It’s not technically my official job, but I do some “developer-esque” relations for the ABC’s Digital Network division. I started doing it because I like it, and it’s been very educational.

To clarify, the phrase  “developer relations” could be interpreted in a couple of ways:

  1. Your company has products or services it sells, and you’re trying to help people in the community to make better use of them, to encourage new users, and to get an idea about future features that people are seeking. The end goal is to get more people using your product, and be happier while they’re doing so.
  2. Your company is trying to be more open about the way it builds things, and to build some community. You’re sharing knowledge about your internal processes and decisions, mistakes you’ve made, and what’s coming up in the future. The end goal is to let people find out more about your environment, get people interested in the products you build, exchange ideas, and perhaps even entice some future employees to join you.

My “developer-esque” relations work at the ABC falls firmly in the second camp, and it includes work over the last year such as GovHack 2015, our hackathons, and a new tech talk series we’re starting up. You can sign up here! The first talk is on our internal transcoding system, Metro.

I’m also pretty excited about the latest endeavour, the launch of the ABC developer blog developers.digital.abc.net.au 🙂

The ABC has some really interesting products that millions of people use daily. However, when it comes to who, how, or why we build those products, there is zero external visibility. If you were trying to find information about the ABC’s development team, there really wasn’t anything to see. In an age where almost every company has engineering blogs, talks at conferences or events, and has a community presence, we were falling desperately behind.

The lack of information correlates to a difficulty in attracting good candidates. When you have choices, why would you choose the place that you know the least about?

So the theory is that by sharing more, we hope to get more people in the door. I’m pretty excited to be part of that. If you are too, then please join us.

Metro: the ABC’s new Media Transcoding Pipeline

In December last year, the ABC launched a new video encoding system called Metro (“Media Transcoder”), which converts various sources of media into a standardised format for iview.

It’s been a fantastic project for the ABC’s Digital Network division – we’ve built a cheap, scalable, cloud-based solution that we can customise to suit our specific needs.

Metro has been live for a month, successfully transcoding thousands of pieces of content. Here’s an overview of how it’s been designed and what it does.

Background

Our previous transcoding system had a fairly straightforward job: produce the same set of renditions for each piece of content it was given. Both input and output files were fairly standardised. The previous system was convenient, but there were some aspects we couldn’t customise, and we didn’t use its #1 proposition: on-demand transcoding. Most of the content the ABC publishes is available to us days in advance, so we just need to make sure that it’s transcoded before it’s scheduled for release online.

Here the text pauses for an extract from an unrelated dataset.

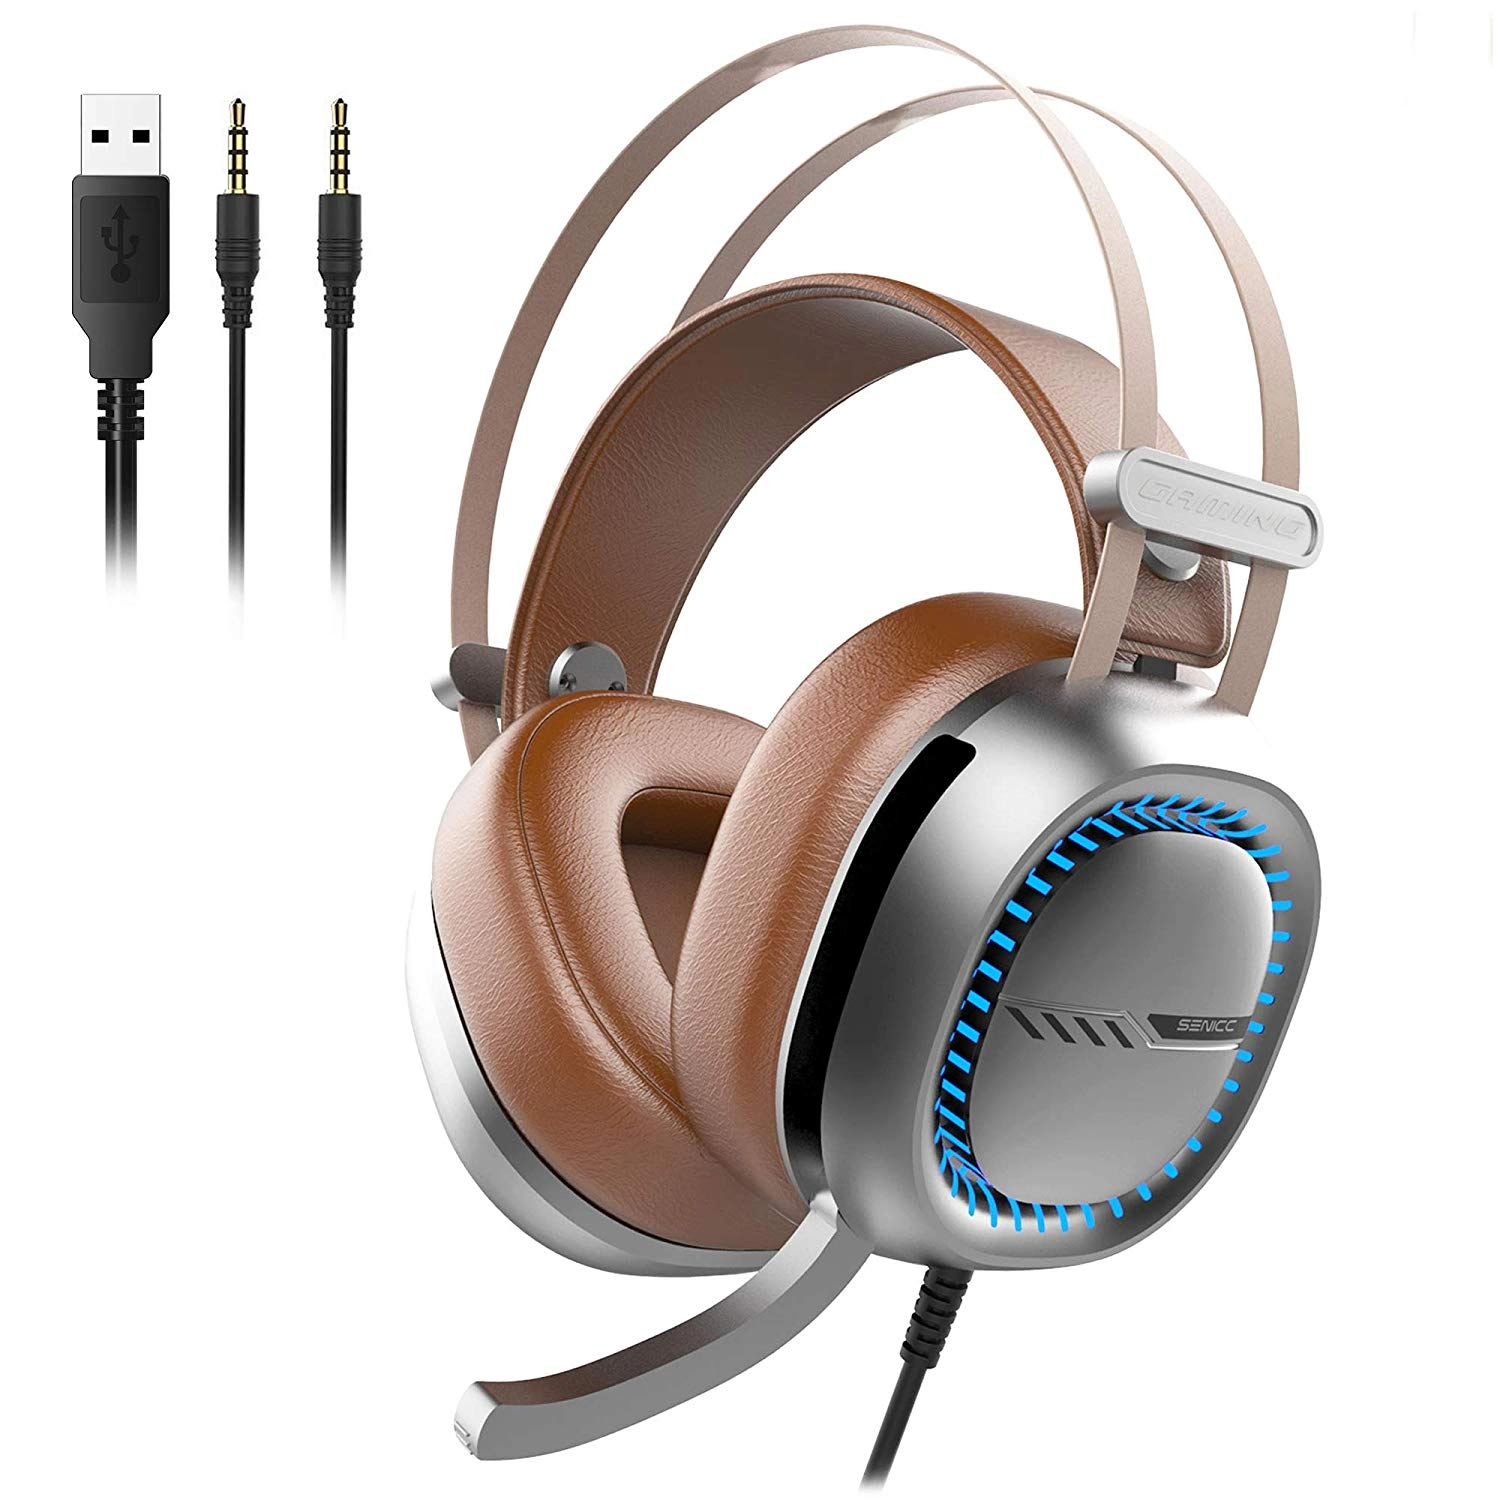 Somic W245 stereo gaming headset 40mm speaker 3.5mm+USB plug big ear cushion with LED light OEM/ODM

We calculated that we could replace the existing system for less than the previous system cost, and take advantage of AWS services and their scalability. Other systems like the BBC’s Video Factory have been successfully built using the same model. Writing our own system would allow us to start batching up jobs to process in bulk, or use different sized instances to help reduce costs in the long term.

Our first step was to replicate what the existing system did, but allow it to scale when needed, and shut down when there’s nothing to do.

Architecture

Metro is a workflow pipeline that takes advantage of queuesautoscaling compute groups, a managed database, and notifications. Logically, the pipeline follows this series of steps: File upload > Queue Job > Transcode > Transfer to CDN > Notify client

 

transcodearchitecture

The pipeline is coordinated by the “Orchestrator”, an API written in node.js that understands the sequence of steps, enqueues messages, talks to our database, and tracks where each job is in the system. It’s also responsible for scaling the number of transcoding boxes that are processing our content.

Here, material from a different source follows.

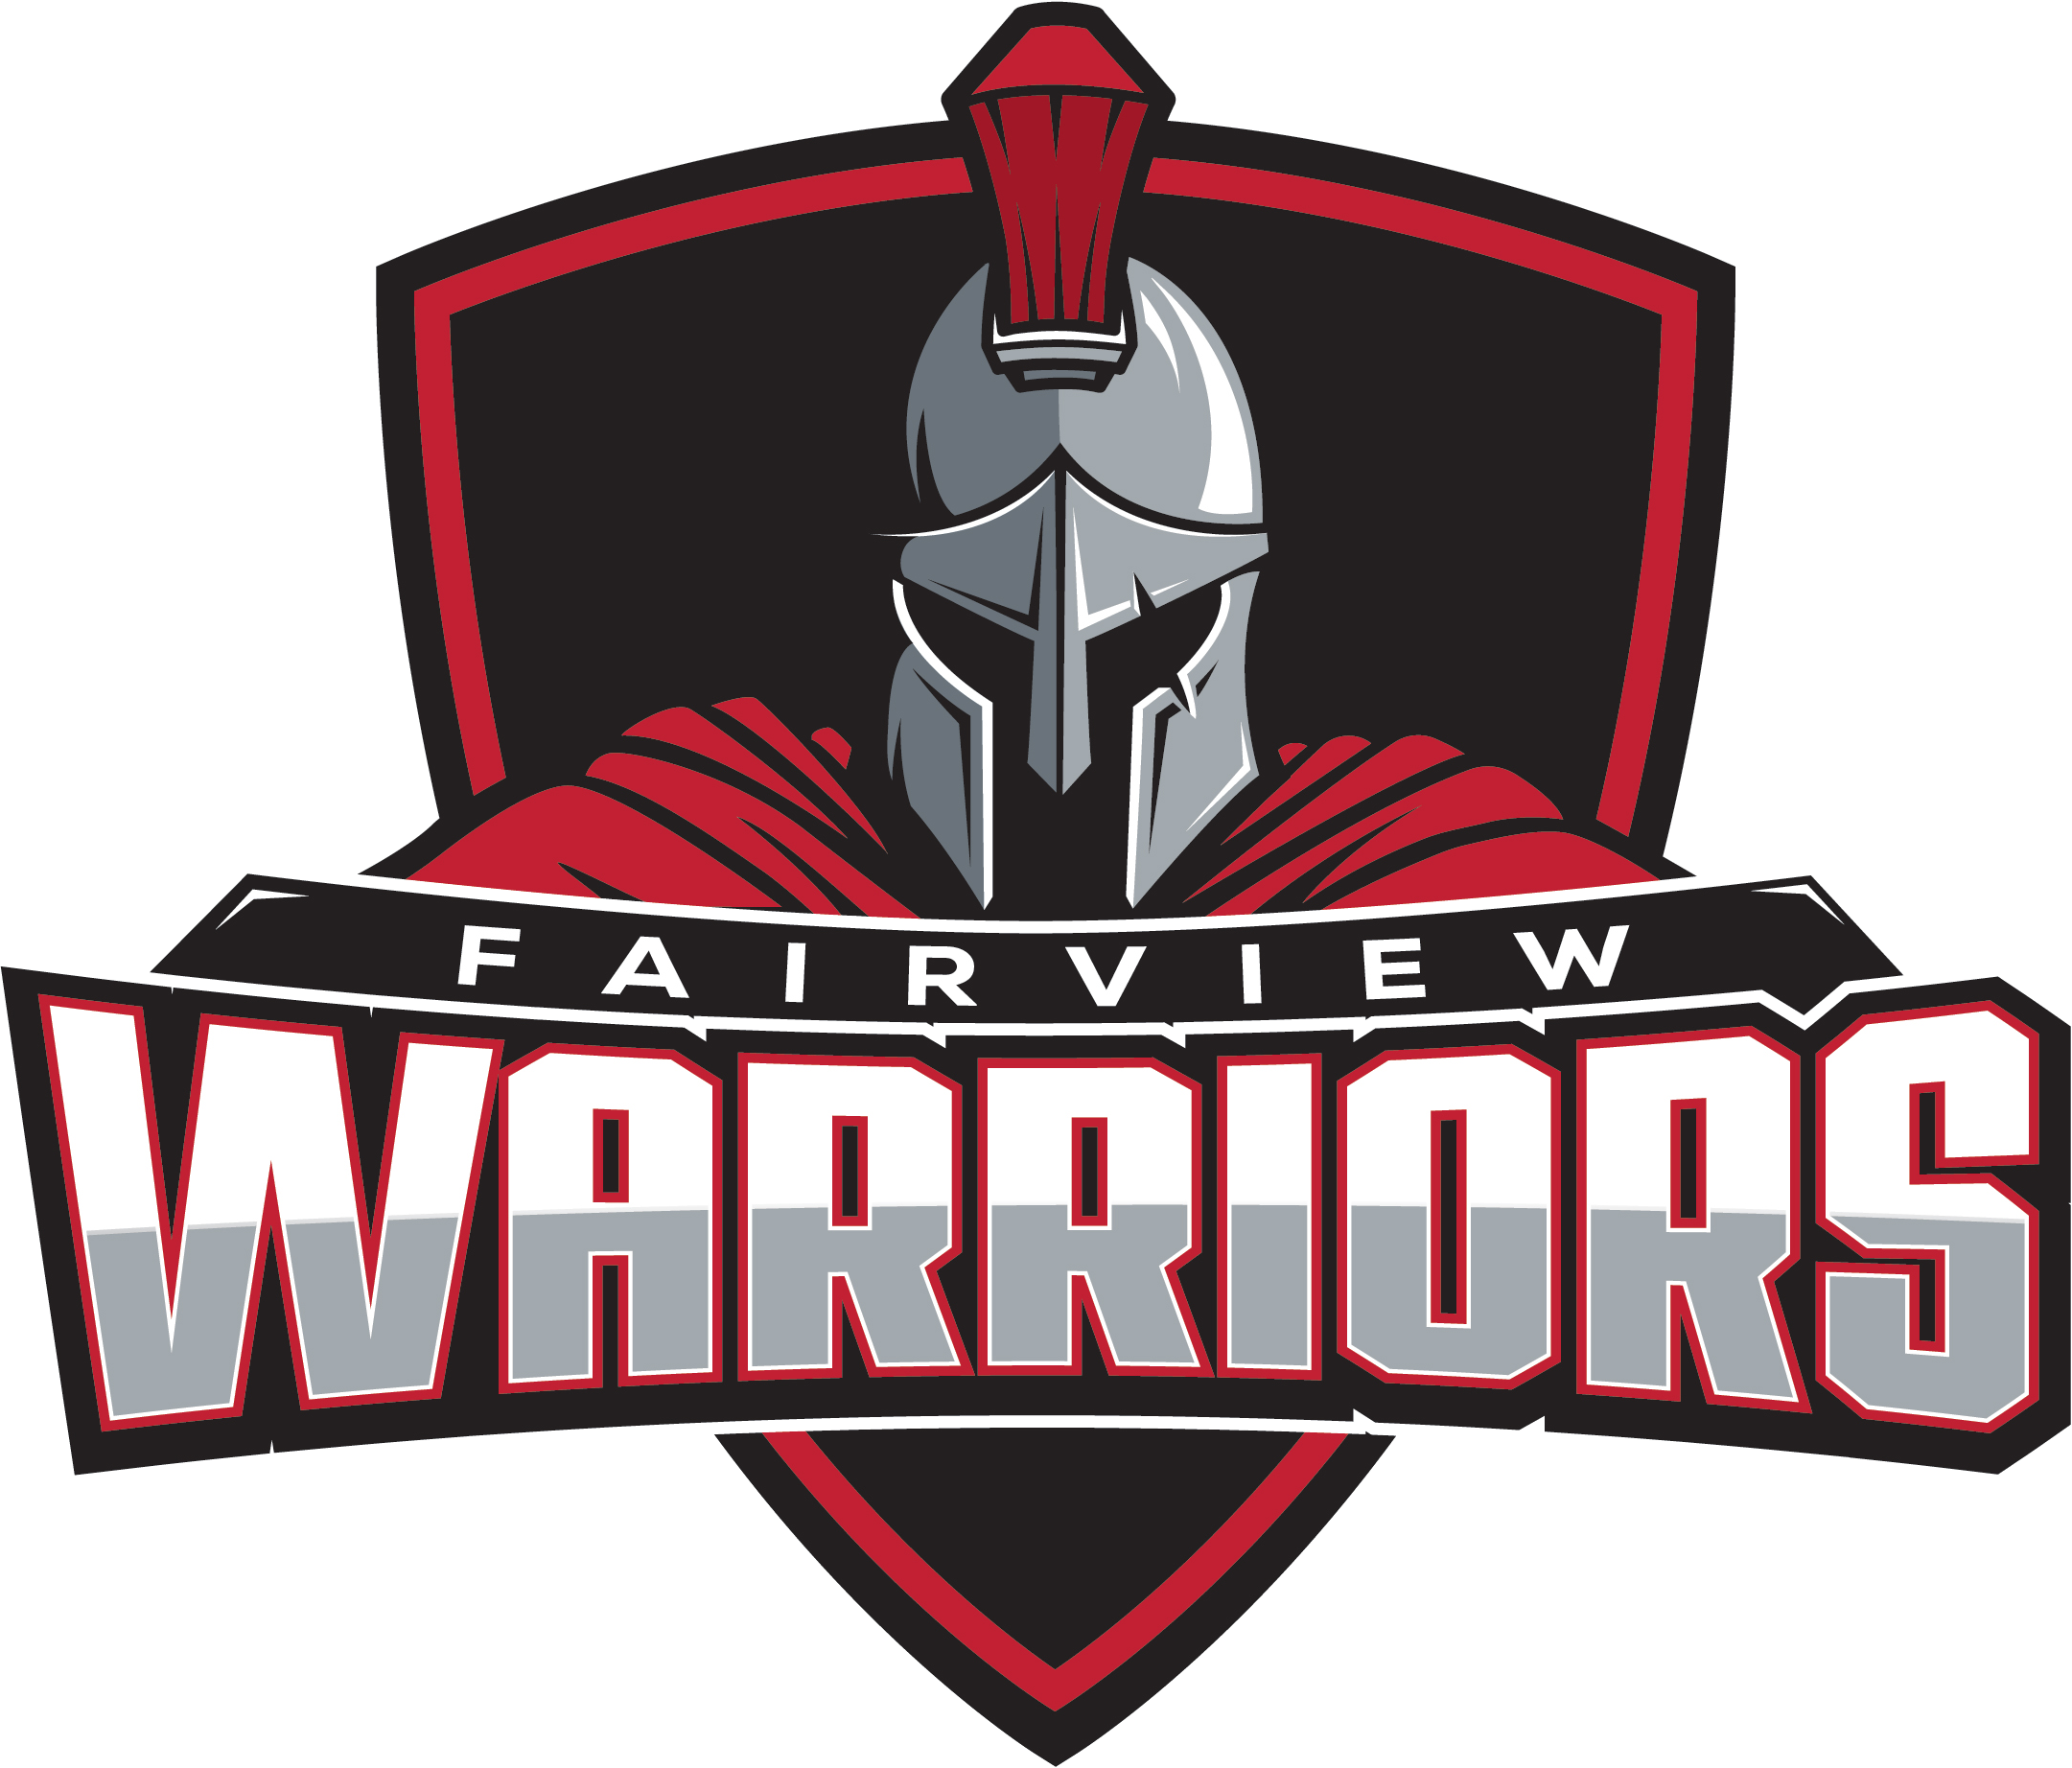 Fairview Warriors logo

Each step in our pipeline is processed by a small, isolated program written in Golang (a “queue listener”), or a simple bash script that knows only about its piece of the pipeline.

We are able to deploy each piece independently, which allows us to make incremental changes to any of the queue listeners, or to the Orchestrator.

Interesting bits

Autoscaling the Transcoders

The transcoders are the most expensive part of our system. They’re the beefiest boxes in the architecture (higher CPU = faster transcode), and we run a variable number of them throughout the day, depending on how much content is queued.

Before a piece of content is uploaded, we check to see how many idle transcoders are available. If there are no spare transcoders, we decide how many new ones to start up based on the transcoding profile. Higher bitrate outputs get one transcoder each; lower bitrates and smaller files might share one transcoder over four renditions. Once we process everything in the queue, we shut down all the transcoders so that we’re not spending money keeping idle boxes running.

Here’s a snapshot of the runtime stats (in minutes) on boxes over a 4 hour window:

ec2_transcoders2

There’s definitely some optimisation we can do with our host runtime. In future, we’d like to optimise the running time of our transcoders so that they run for a full hour, to match Amazon’s billing cycle of one hour blocks. We’d also like to take advantage of Amazon’s spot instances – using cheaper computing time overnight to process jobs in bulk.

FFmpeg

FFmpeg is the transcoding software we use on our transcoders. It’s open source, well maintained, and has an impressive list of features. We’re using it to encode our content in various bitrates, resize content, and add watermarks. We create an AMI that includes a precompiled version of FFmpeg as well as our transcoder app, so that it’s ready to go when we spin up a new box.

There’s still a way to go before we’re using FFmpeg to its full extent. It’s capable of breaking a file into even chunks, which would make it perfect to farm out to multiple transcoders, and likely giving us even faster, consistent results every time. We can also get progress alerts and partial file download (e.g taking the audio track only, avoiding downloading a bunch of video information that you won’t use).

SQS Queues

We utilise SQS queues to keep our pipeline resilient. We’ve got different queues for various step in our system, and each queue has a small app monitoring it.

When a new message arrives, the app takes the message off the queue and starts working. If an error occurs, the app cancels its processing work and puts the message back at the head of the queue, so that another worker can pick it up.

If a message is retried a number of times without success, it ends up in a “Dead Letter Queue” for failed messages, and we get notified.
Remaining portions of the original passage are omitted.